Además, prosigue el historiador: “Hay una lógica de revancha [en Marco Rubio y los cubanoamericanos] a la que le tiene miedo mucha gente, y eso los convierte en actores articulados con el sistema. Hay un factor que atraviesa todo esto, y es Rubio. Si hubiera otro secretario de Estado más pragmático, que no tuviera una cola tan larga con Cuba, si estuviéramos ahora con dos gringos normales, se podría, creo yo, establecer un modus vivendi mucho más normal. Pero está Rubio en el medio, cuyo capital político pasa por Cuba”.

Diana y su esposo, mientras su hijo de tres años juega alrededor de la mesa, apuntan: “La gente no quiere que nos impongan nada desde fuera, y esto no va a ser como Venezuela. La gente se va a defender si viene una invasión”.
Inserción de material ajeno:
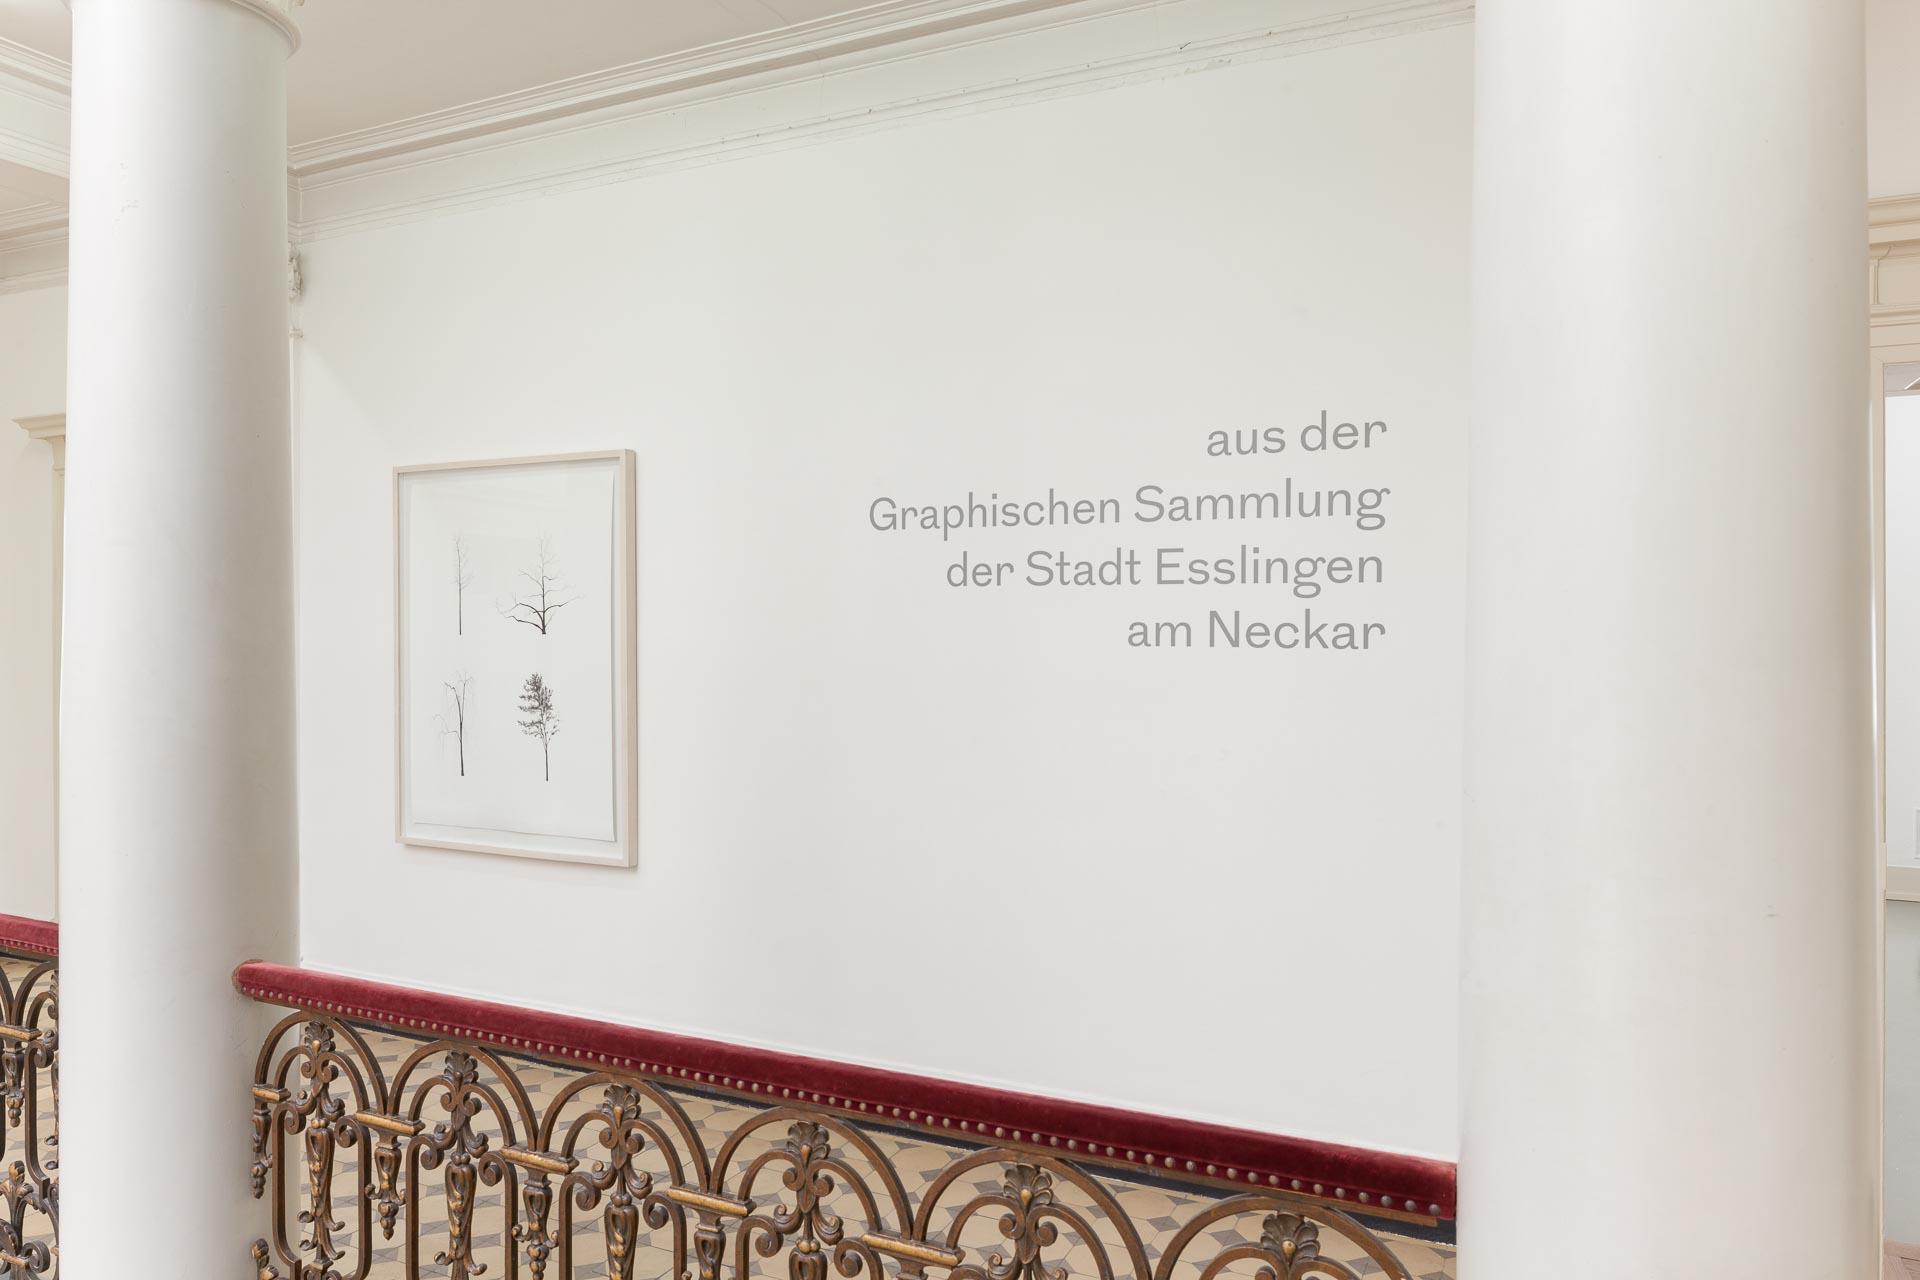 Museumsfotografie Villa Merkel, Graphische Sammlung
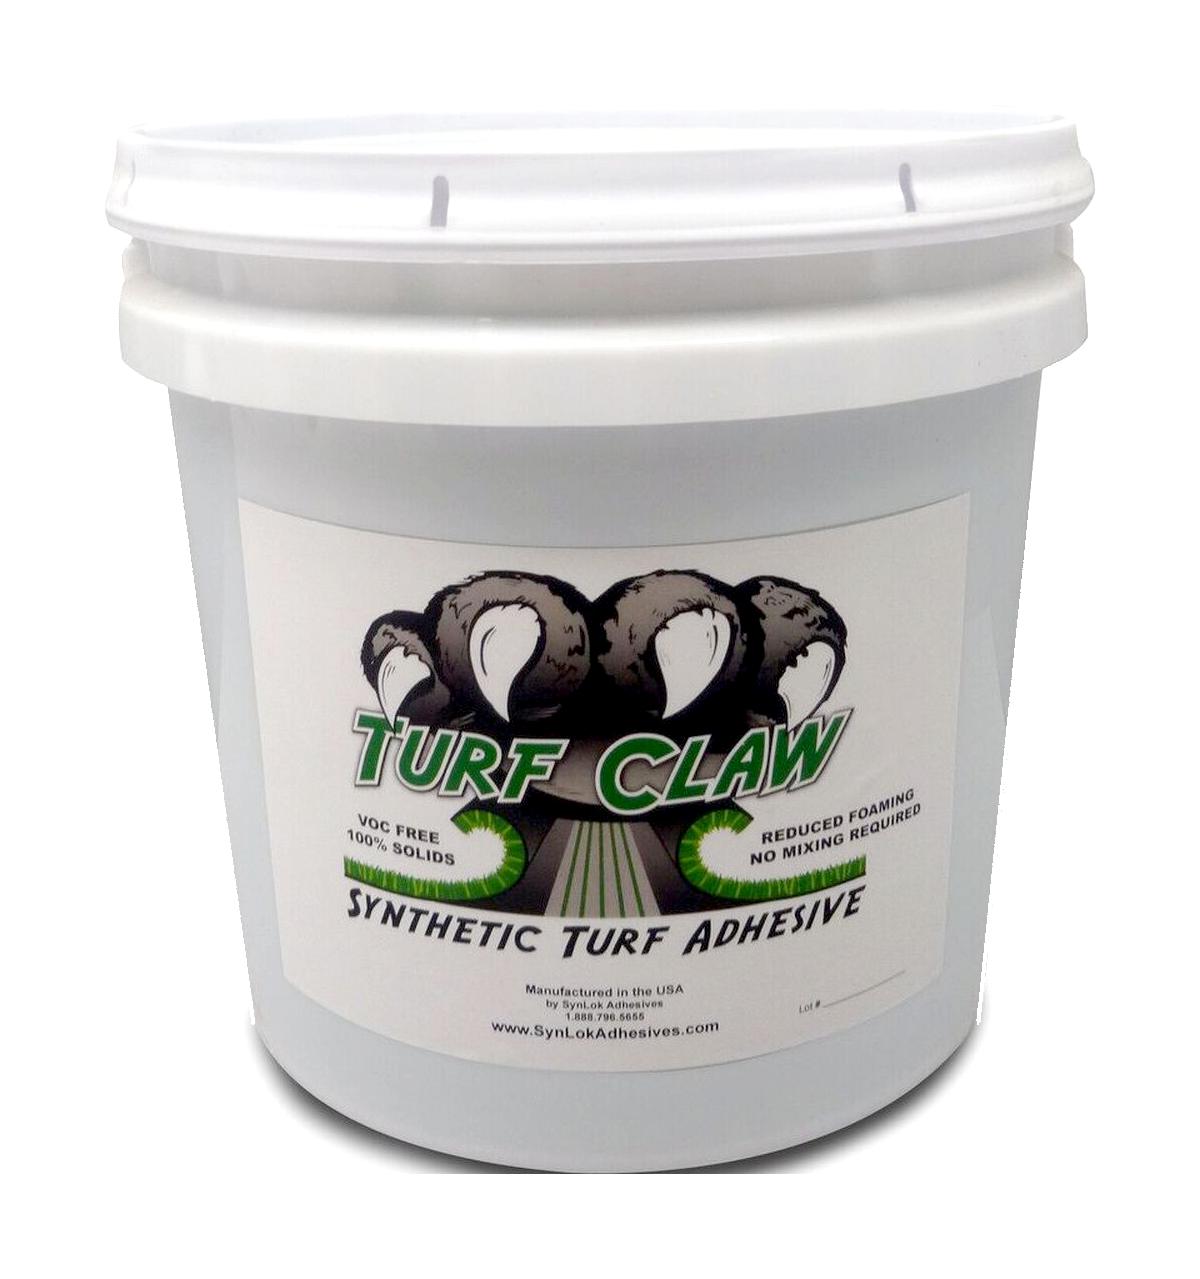 Turf-claw-2-gallon__89133.1563970877

“Hoy hay gente dispuesta a combatir a los Estados Unidos en un monto superior a lo que eran las filas del 26 de julio en la década de los 50, y el 26 de julio en la década de los 50 logró desestabilizar al Gobierno de Batista y terminó derrocándolo”, recuerda Fabio Fernández: “En Cuba hay suficiente gente capaz de actuar en esa lógica y supongo que los asesores de Trump se lo han dicho: 'Oye, esto puede ser muy complicado”.